Mervyn King warns against deflation. Meanwhile, in the real world…
Inflation, this morning's newspapers tell us, is higher than expected. Expected by whom, for Heaven's sake? Not, surely, by readers of this blog, which has been predicting hefty price rises for over a year. Not to readers of Fraser Nelson or Allister Heath, nor yet to anyone familiar with the works of Murray Rothbard or Ludwig von Mises. Nor, come to that, to anyone who grasps that, when you increase the supply of something, other things being equal, you reduce its price.(...)
Their mistake is not simply academic. The reason that Britain is growing more slowly than its competitors is not that government expenditure is falling – contrary to the impression you might get from the BBC, spending and borrowing are considerably higher today than during the final demented months of Gordon Brown's premiership. No, the reason we're in such a mess is that inflation is inhibiting our recovery.(...)

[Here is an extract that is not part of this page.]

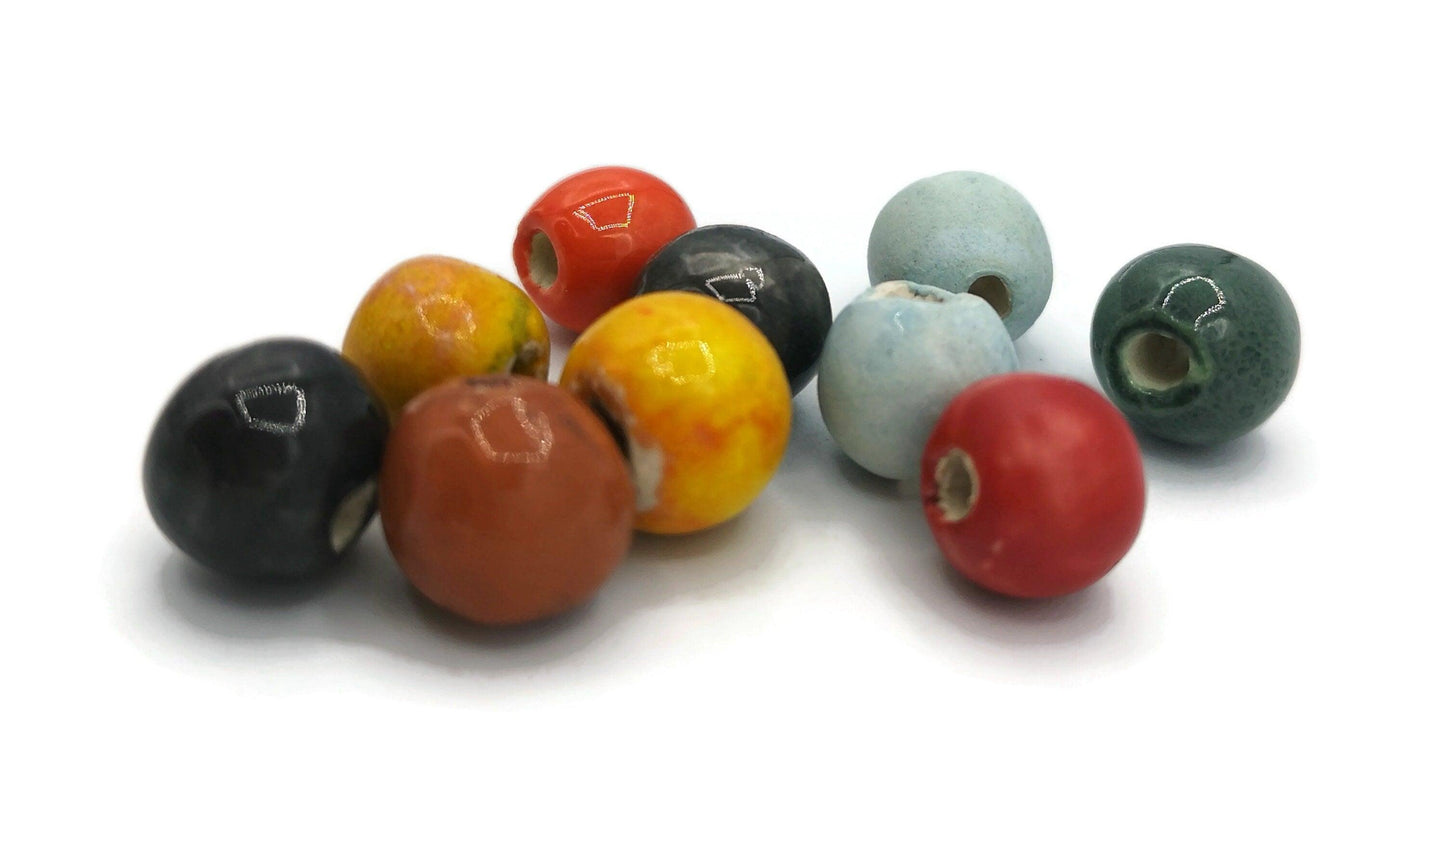 10Pc Round Assorted Beads Set, Handmade Ceramic Beads For Jewelry Making, Unique Artisan Clay Beads For Macrame Smooth And Durable Supplies - Ceramica Ana Rafael

Tim Price, an investment manager with an unusual grasp of Austrian economics, summarises the problem beautifully:
If you wanted to perpetuate a depression, suggests Rothbard, the very best way to do it would be to enact the policies the government is pursuing today: prevent widespread liquidation of financial assets by lending money to shaky businesses; deploy as much QE as you can, to ensure that bad banks remain in business like malodorous zombies; inflate further, which prevents a necessary fall in prices; keep wage rates up (thus ensuring permanent mass unemployment); keep prices up (which will create unsaleable surpluses); stimulate consumption and discourage saving — not least, by driving interest rates close to zero.We are doomed. Doomed.